Мне понравилось его обстоятельное, серьезное объяснение. Видимо, сержант уважал и ценил завидные свойства своего образцового организма, но тут я вспомнил, что на несытом нашем фронте, в промерзших блиндажах сидят худые, измученные люди, чьи организмы отнюдь не обладают столь завидным свойством, и впившийся клещом в денщицкое житье парень с пустяковой царапиной стал мне снова неприятен.
Слушай, а почему ты не на фронте? Ты же здоровый совсем.
Не посылают
Может, забыли о тебе? Ты бы напомнил.
А зачем? искренне удивился сержант.
Ну, конечно, здесь подходяще, тишь да гладь, кино через день да и баб хватает! сказал я с неожиданной для самого себя злостью.
Он вздохнул.
Этим не интересуемся. Сержант замолчал, но затем словно почувствовал, что я жду еще чего-то. Я, товарищ майор, на войне с первого дня. Имею пять ранений, из них два тяжелых, а война вон только начинается. Чего мне торопиться, здесь, верно, и тихо, и сытно, и пули не летают, почему же не отдохнуть? А фронт от меня не уйдет, да и мне от него не уйти, до Берлина вон как далеко!..
Он вдруг устремился к печке с гусиным своим перевальцем и отодвинул от ее жара завонявшие паленым валенки. Меня осенило: «Гусак, вылитый гусак, вот он кого напоминает!» И вспомнилось соловьевское: «Променяла меня на какого-то гусака!»
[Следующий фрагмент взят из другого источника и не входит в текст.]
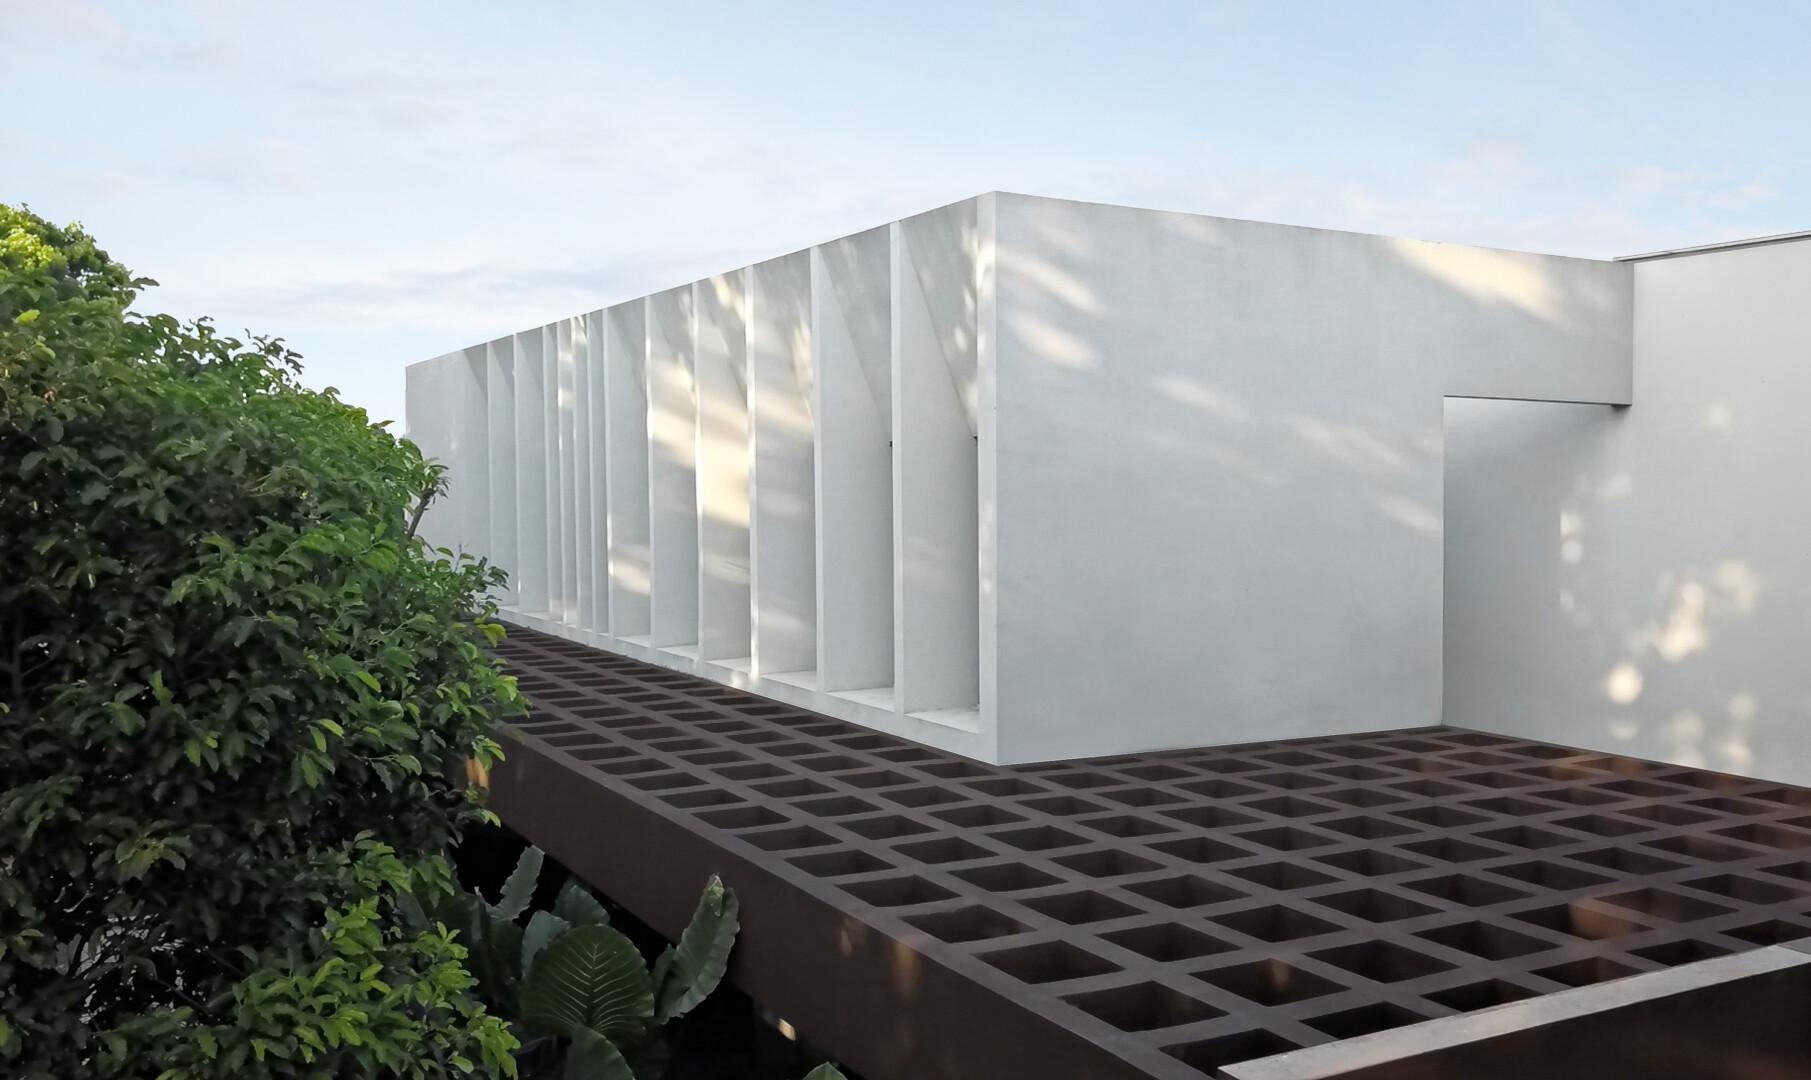 Rumah RifBagus - Image 4

Слушай, сержант, а ты давно здесь отдыхаешь?
Недавно.
А летом?
Тогда я по тяжелому ранению был, он снова вздохнул. Сейчас меня обратно задело.
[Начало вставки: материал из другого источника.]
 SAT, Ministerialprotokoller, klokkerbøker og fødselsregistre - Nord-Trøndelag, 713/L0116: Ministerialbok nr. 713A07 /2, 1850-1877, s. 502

А ты знаешь, что Соловьева реабилитировали? сказал я, не испытывая никаких сомнений на его счет.
Это как понять?
Простили и звание вернули. Он скоро здесь будет.
Заслужил, значит
Скажи, сержант, только честно, какие отношения были у вас с Тоней?
Известно, какие, ответил он тихо и вовсе не удивленный вопросом, любовь у нас была.
А как же Соловьев?
Она была ему очень обязанная. А больше ничего. Нешто он ей пара?
Боялась?..
Он пожал плечами.
Жалела Жалела и щадила его самолюбие.
Не знаю отчего, но я сразу и до конца поверил ему. Не нужен был Тоне блестящий капитан Соловьев с его крайностями и фейерверком, книжным романтизмом, с картинной на всеобщее обозрение преданностью, коренящейся не в тихой доброте, а в самолюбии. Он ничего не требовал от нее, но он считал ее своей собственностью, что и доказал с помощью пистолета. Он не допускал и мысли, что она может иметь свою судьбу, полюбить другого, а она взяла и полюбила простого, ясного парня, надежного и домовитого, сердцем угадав в нем спутника, мужа, отца своих детей. Но она щадила Соловьева да и побаивалась, поди, не столько за себя, сколько за сержанта, и оттягивала объяснение. А возможно, она надеялась, что капитан сам к ней охладеет, утомившись затянувшейся игрой, или, поверив слухам, отступится в молчаливой гордости. Но она ничего уже не боялась, только жалела, щедро, по-женски жалела человека, сперва подарившего ей жизнь, потом отнявшего, когда мертвеющими губами уверяла в своей любви и верности. Она не знала, что истина откроется на операционном столе, она хотела расплатиться с Соловьевым за его хорошее.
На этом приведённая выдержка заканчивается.